**STORED DATA**
■ ■ ■ ■ ■

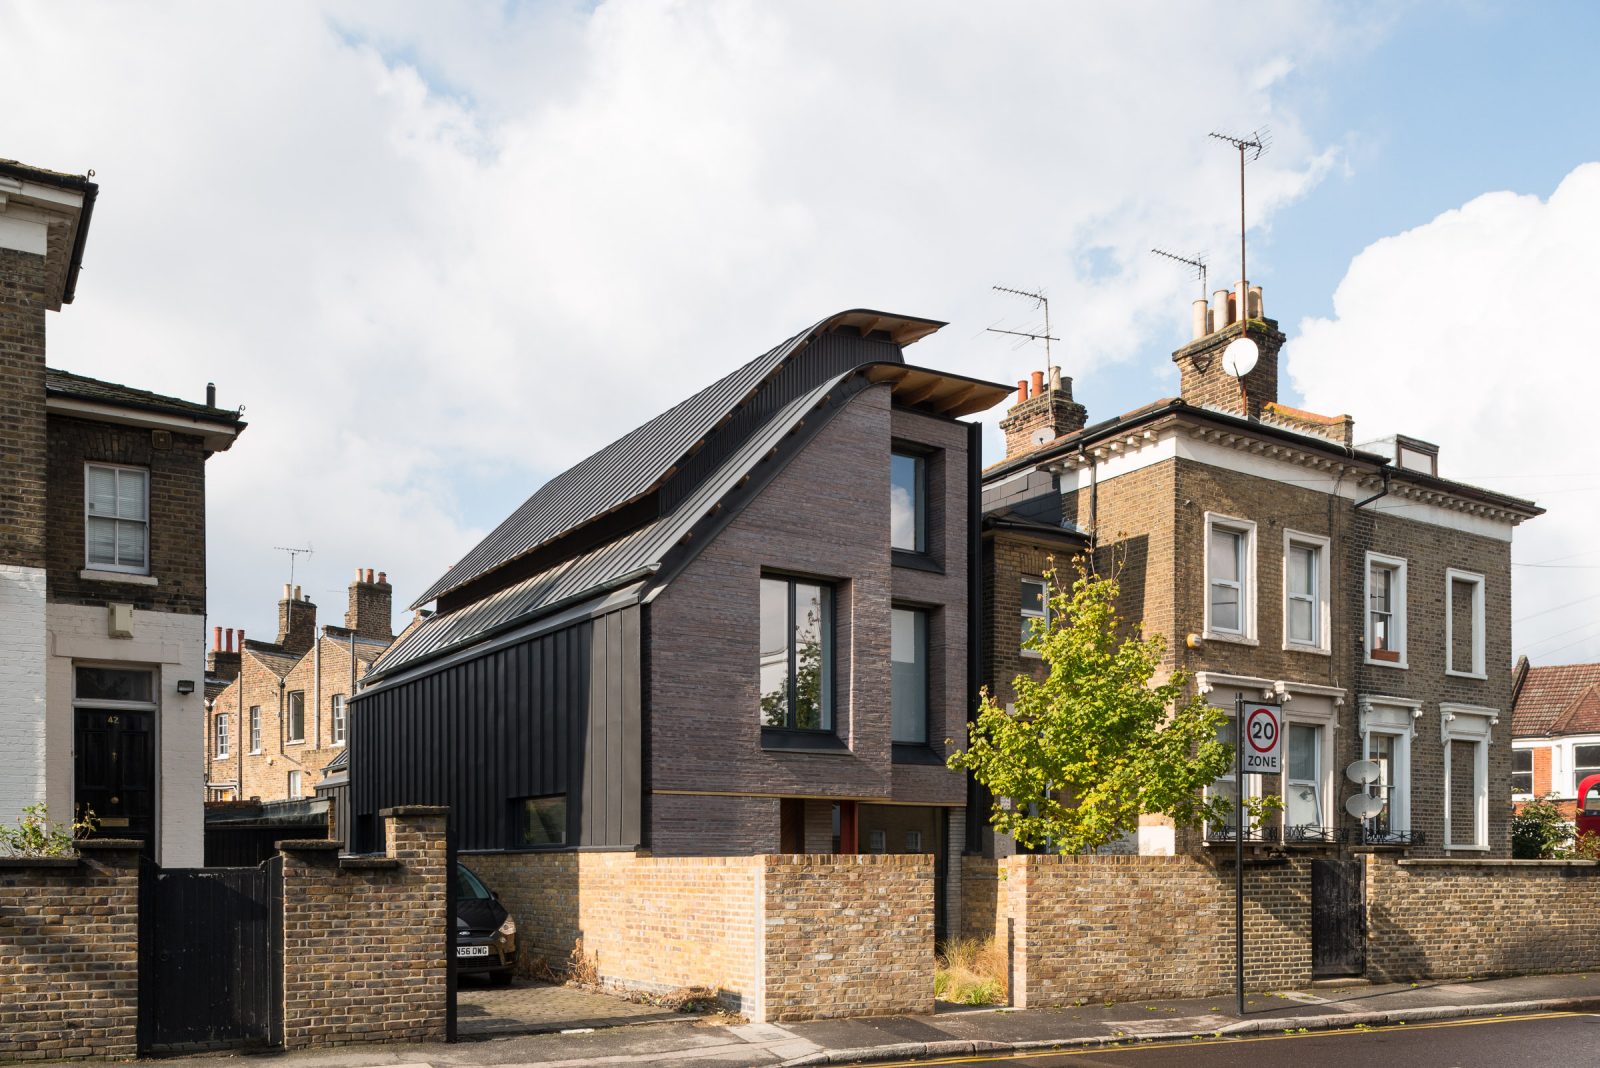 Architecture on the Market: 7 Bold Contemporary Homes in London
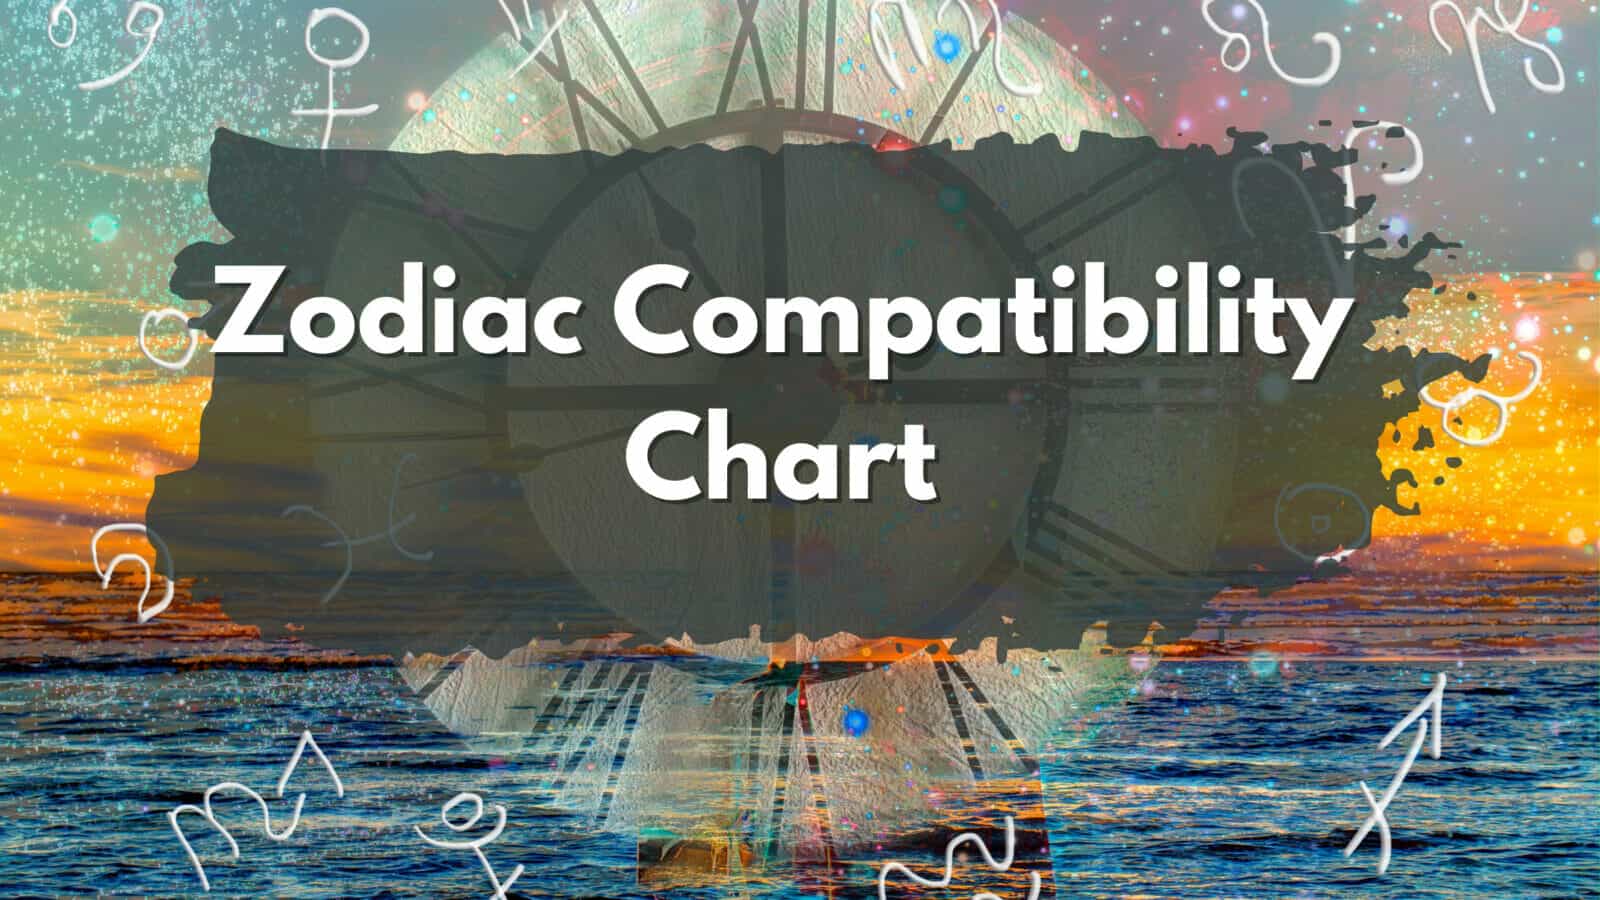 Chart displaying compatibility between zodiac signs.
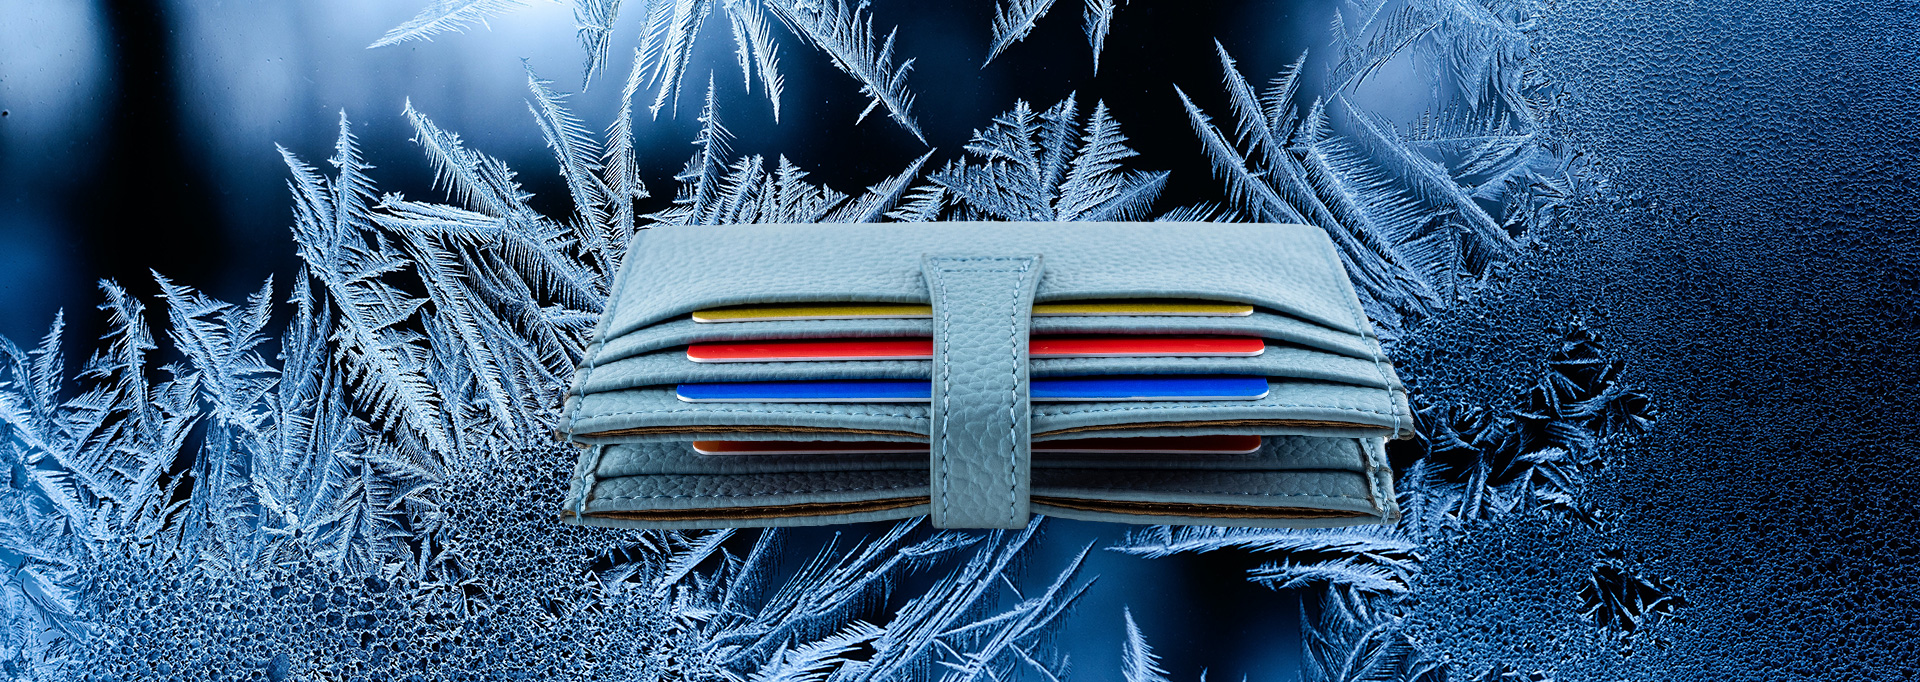 wallet on icy background

■ ■ ■ ■ ■

**ACTIVITY**
Omit the pictures, then output the rest of the listing exactly.

**YOUR SOLUTION**
 Architecture on the Market: 7 Bold Contemporary Homes in London
 Chart displaying compatibility between zodiac signs.
 wallet on icy background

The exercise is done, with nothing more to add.